This guide is out of date, use the official docs.

This little blog post will guide a user through installing pleroma on a "$3 instance" as suggested by lain.

First, what is pleroma?

Pleroma is an OStatus and ActivityPub compatable server, a component of the fediverse of which GNU Social and Mastodon belong to as well. Think if twitter was structued how email is. With Email you have many different servers, yahoo mail, gmail, aol, (etc) that all can send mail to each other but are owned by different entities, the thing they have in common is they all speak SMTP. OStatus and AcitivityPub are each the "Twitter of SMTP", tweets/toots/shitposts/japanese-moonrunes are exchanged between servers. Many users can be on 1 server, (in fact mastodon.social and pawoo.net have a large chunk of the users) or 1 user can run their own server just for them (which is what I do, sorta).

This guide may be outdated but the pleroma wiki should always be up to date.

Things you'll need before getting started:

  • ssh client
  • a domain name

For this setup we're going to use Debian Stretch (as of writing it's debian stable) on digitial ocean.

I chose DigitalOcean because they have absolutely fantastic documentation.

Required things to do before hand:

  • Spin up a VPS
  • Generate an ssh key
  • Add a DNS A Record with the IP Address of your droplet.
  • Make sure that your domain resolves to the ip address of your droplet, hint: use ping -c 1 your-domain.tld to test.

Some VERY IMPORTANT notes:

  • Lines that start with % mean that they should be executed as root user
  • Lines that start with $ mean that they should NOT be executed as root user
  • don't include % or $ in the command itself.

Once that's all set up, log into the droplet as root.

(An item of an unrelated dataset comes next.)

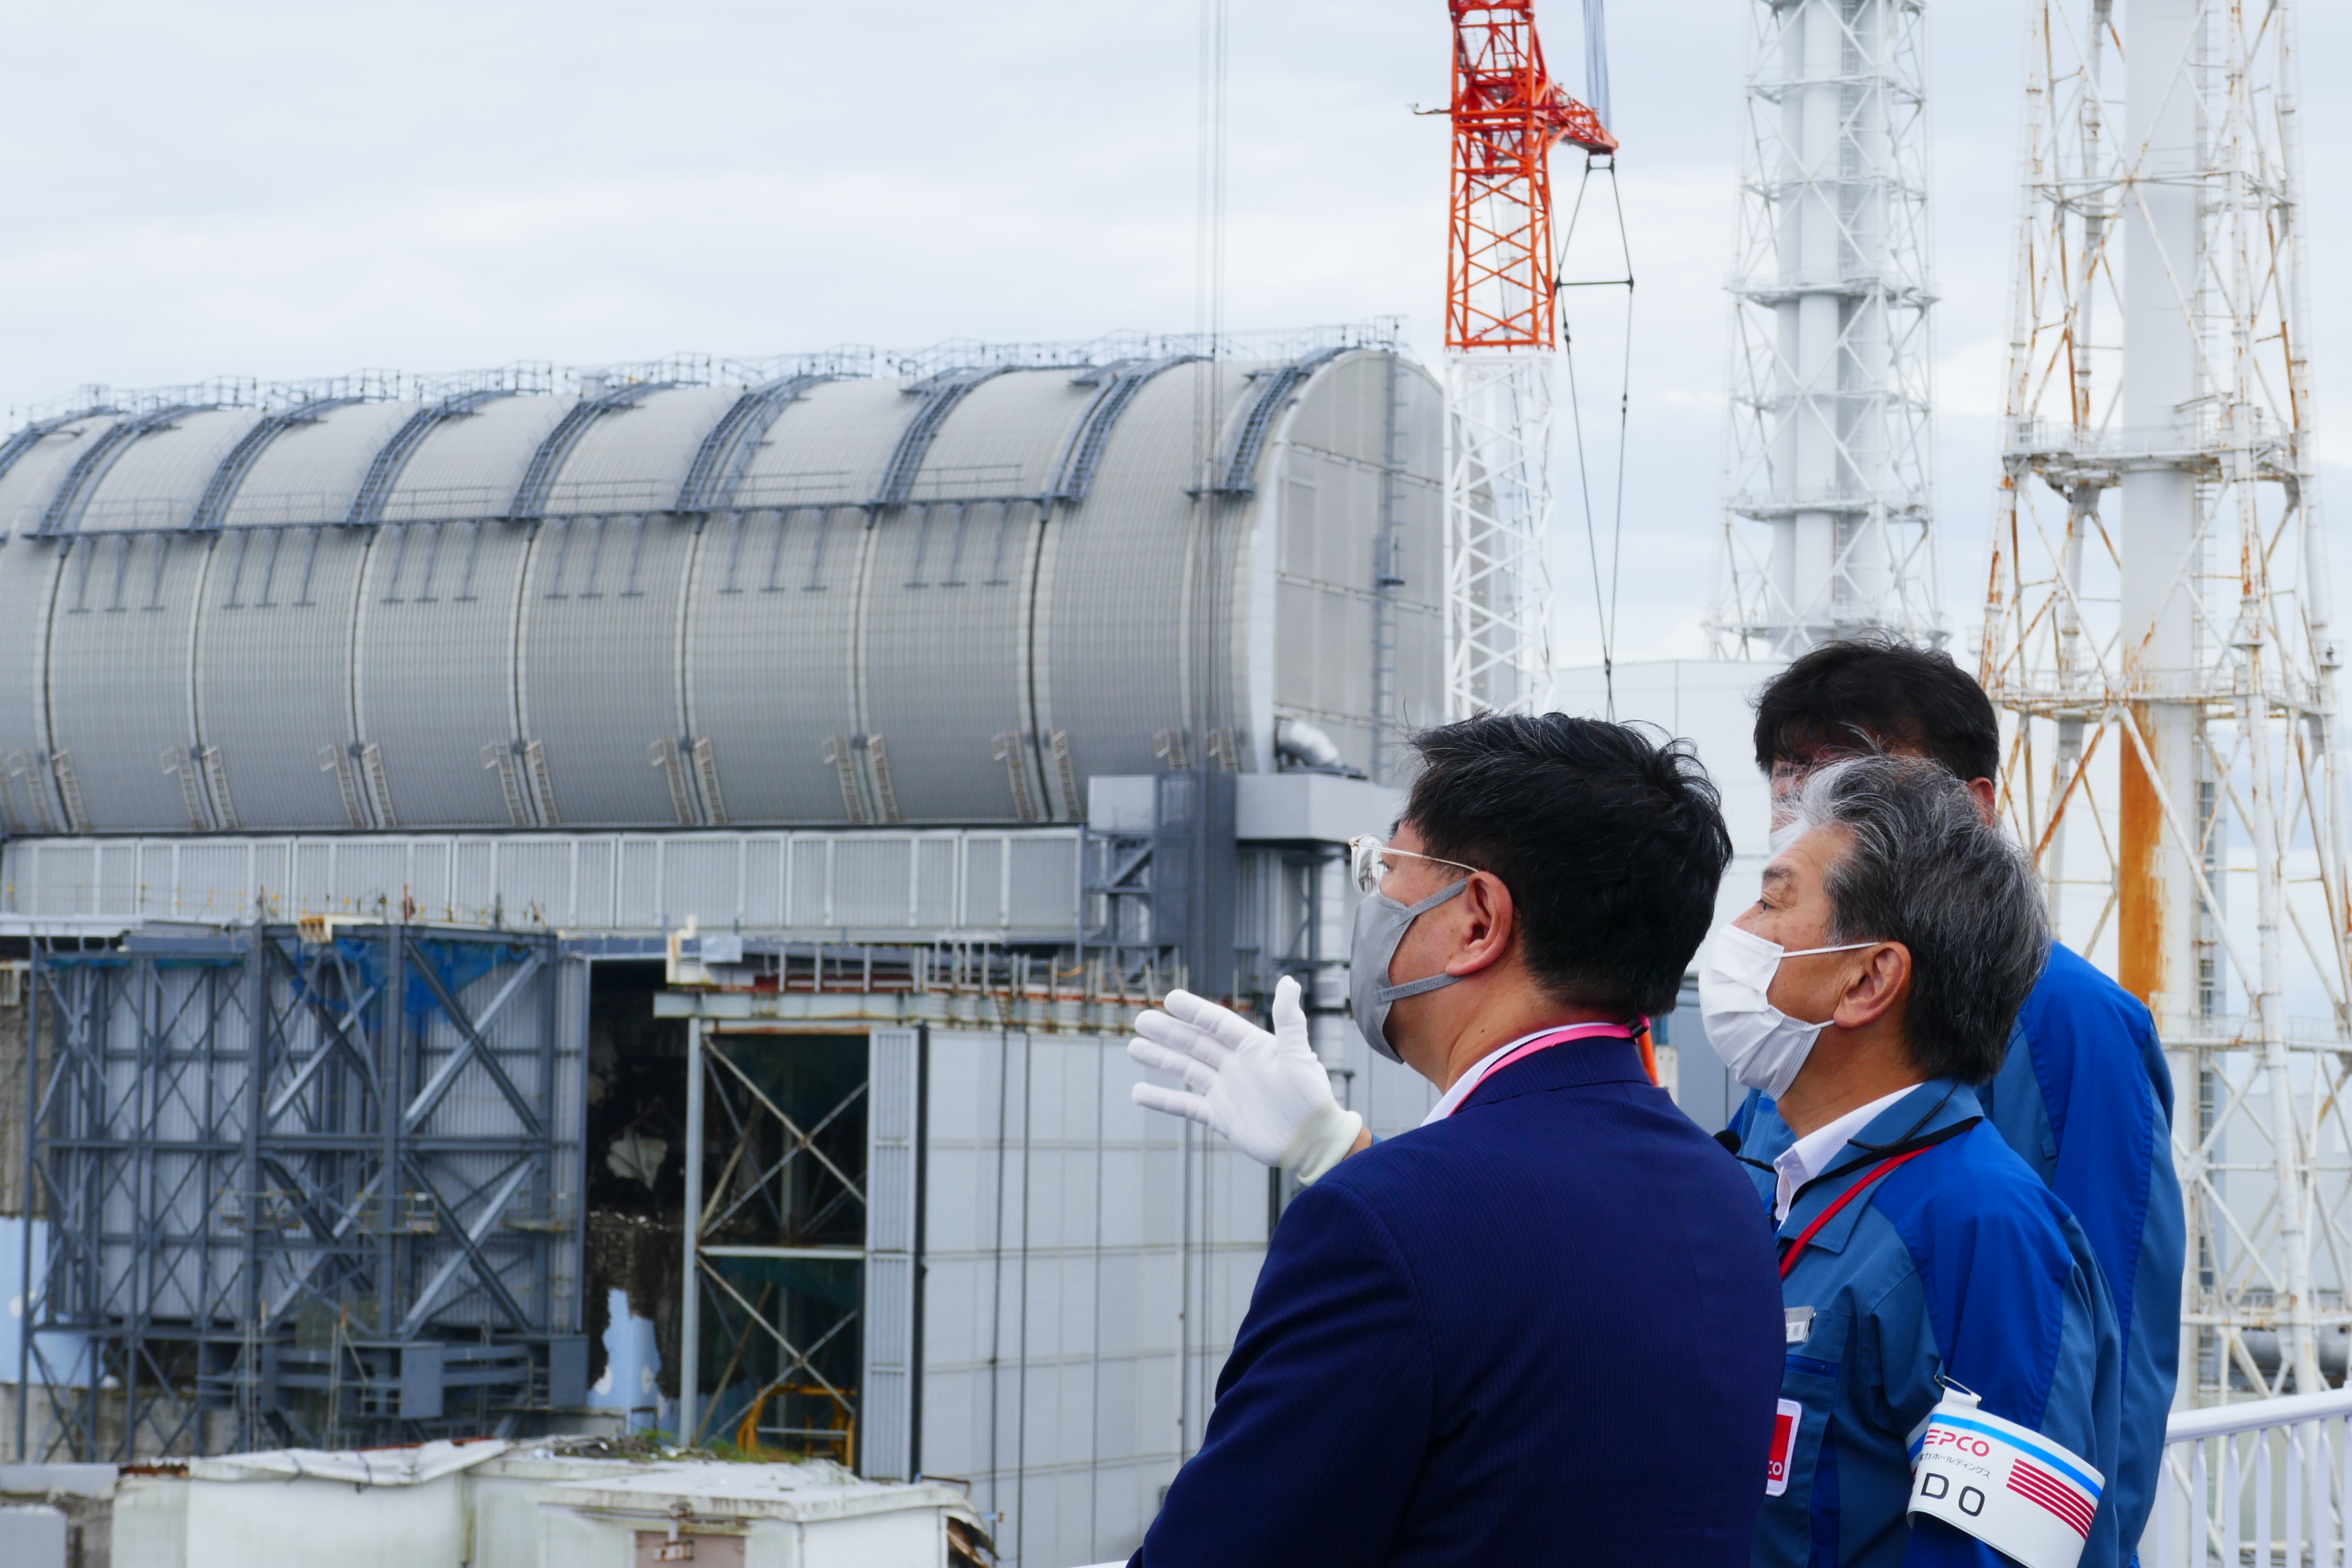 松野内閣官房長官による福島第一原子力発電所ご視察について

Get the build dependancies:

% apt-get install build-essential git wget postgresql nginx certbot sudo

install elixir, the one in debian stretch is too old:

% wget https://packages.erlang-solutions.com/erlang-solutions_1.0_all.deb
% dpkg -i erlang-solutions_1.0_all.deb
% apt-get update
% apt-get install --no-install-recommends elixir esl-erlang

Add a new user called pleroma:

% useradd pleroma
% mkdir /home/pleroma && chown pleroma:pleroma /home/pleroma

Switch to that user:

% su - pleroma

Now that you're the pleroma user, clone the pleroma source code:

$ git clone https://git.pleroma.social/pleroma/pleroma ~/pleroma

now move into the code's directory:

$ cd ~/pleroma

The following is from the pleroma readme

Get the dependancies for elixir:

$ mix deps.get

Generate a config, this will ask a few questions:

$ mix generate_config

Copy the generated config in place:

$ cp config/generated_config.exs config/prod.secret.exs

Drop back down to root:

$ exit

Then set up postgres:

% chmod +x /home/pleroma/pleroma/config/setup_db.psql
% su - postgres -c "psql -f /home/pleroma/pleroma/config/setup_db.psql"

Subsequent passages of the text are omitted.